Integration Patterns#

Using Python Execution in Capabilities#

Standard pattern for integrating Python execution into capabilities:

from osprey.base import BaseCapability, capability_node
from osprey.registry import get_registry
from osprey.services.python_executor import PythonExecutionRequest
from osprey.approval import (
    create_approval_type,
    get_approval_resume_data,
    clear_approval_state,
    handle_service_with_interrupts
)
from osprey.utils.config import get_full_configuration

@capability_node
class DataAnalysisCapability(BaseCapability):
    """Capability using Python execution service."""

    async def execute(self) -> dict:
        registry = get_registry()
        python_service = registry.get_service("python_executor")
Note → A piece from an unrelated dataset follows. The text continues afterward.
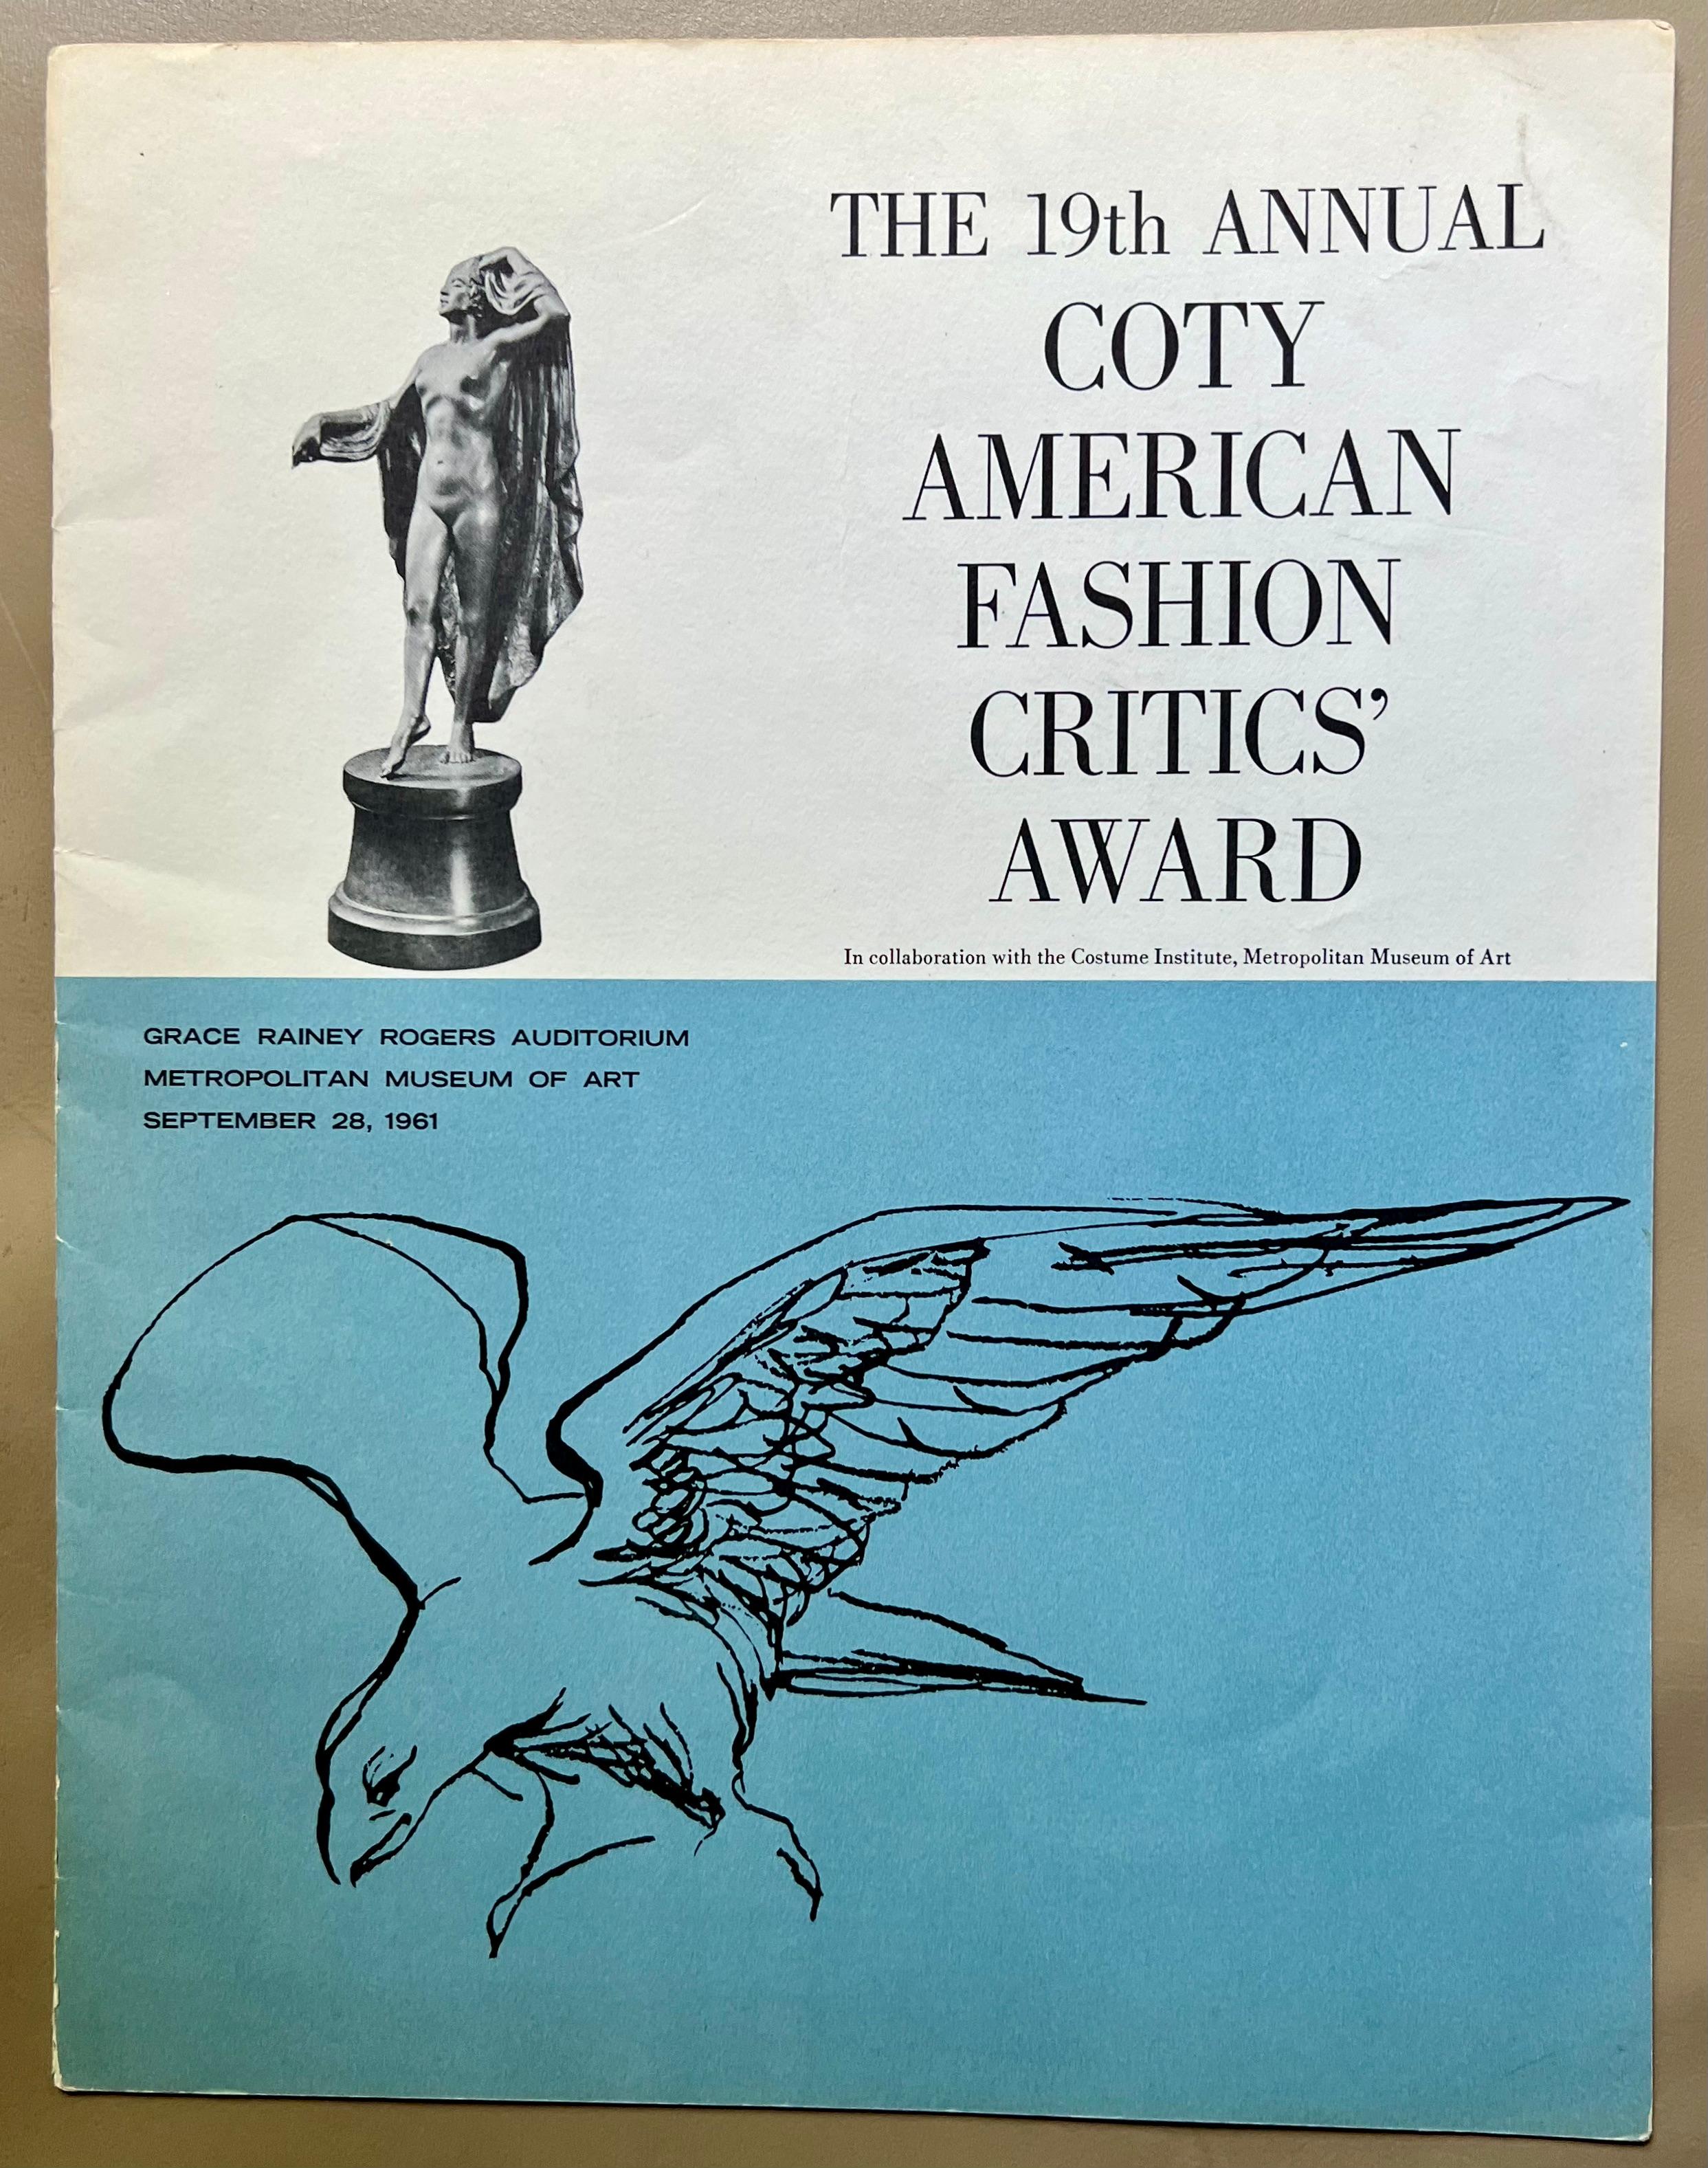 1961 Plaque du Prix Coty Kenneth Coiffeur Jacqueline Onassis Bronze Mode

Bronze sur bois. La plaque en bois mesure 12 3/4

        # Service configuration
        main_configurable = get_full_configuration()
        service_config = {
            "configurable": {
                **main_configurable,
                "thread_id": f"analysis_{self._step.get('context_key', 'default')}",
                "checkpoint_ns": "python_executor"
            }
        }

        # Check for approval resume
        has_approval_resume, approved_payload = get_approval_resume_data(
            self._state, create_approval_type("data_analysis")
        )

        if has_approval_resume:
            # Resume after approval
            resume_response = {"approved": True, **approved_payload} if approved_payload else {"approved": False}
            service_result = await python_service.ainvoke(
                Command(resume=resume_response), config=service_config
            )
            approval_cleanup = clear_approval_state()
        else:
            # Normal execution
            capability_prompts = [
                "**ANALYSIS REQUIREMENTS:**",
                "- Generate statistical summary of the data",
                "- Create visualizations to identify trends",
                "**EXPECTED OUTPUT:**",
                "- statistics: Statistical summary metrics",
                "- visualizations: List of generated plots"
            ]

            execution_request = PythonExecutionRequest(
                user_query=self._state.get("input_output", {}).get("user_query", ""),
                task_objective=self.get_task_objective(),
                capability_prompts=capability_prompts,
                expected_results={
                    "statistics": "dict",
                    "visualizations": "list"
                },
                execution_folder_name="data_analysis",
                capability_context_data=self._state.get('capability_context_data', {})
            )

            service_result = await handle_service_with_interrupts(
                service=python_service,
                request=execution_request,
                config=service_config,
                logger=logger,
                capability_name="DataAnalysis"
            )
            approval_cleanup = None

        # Process results
        context_updates = self.store_output_context({
            "analysis": service_result.execution_result.results
        })

        return {**context_updates, **approval_cleanup} if approval_cleanup else context_updates

Multi-Stage Pipelines#

Chain multiple Python executions for complex workflows:

async def multi_stage_analysis(self, data_context: dict) -> dict:
    """Execute multi-stage analysis pipeline."""
    registry = get_registry()
    python_service = registry.get_service("python_executor")
    main_configurable = get_full_configuration()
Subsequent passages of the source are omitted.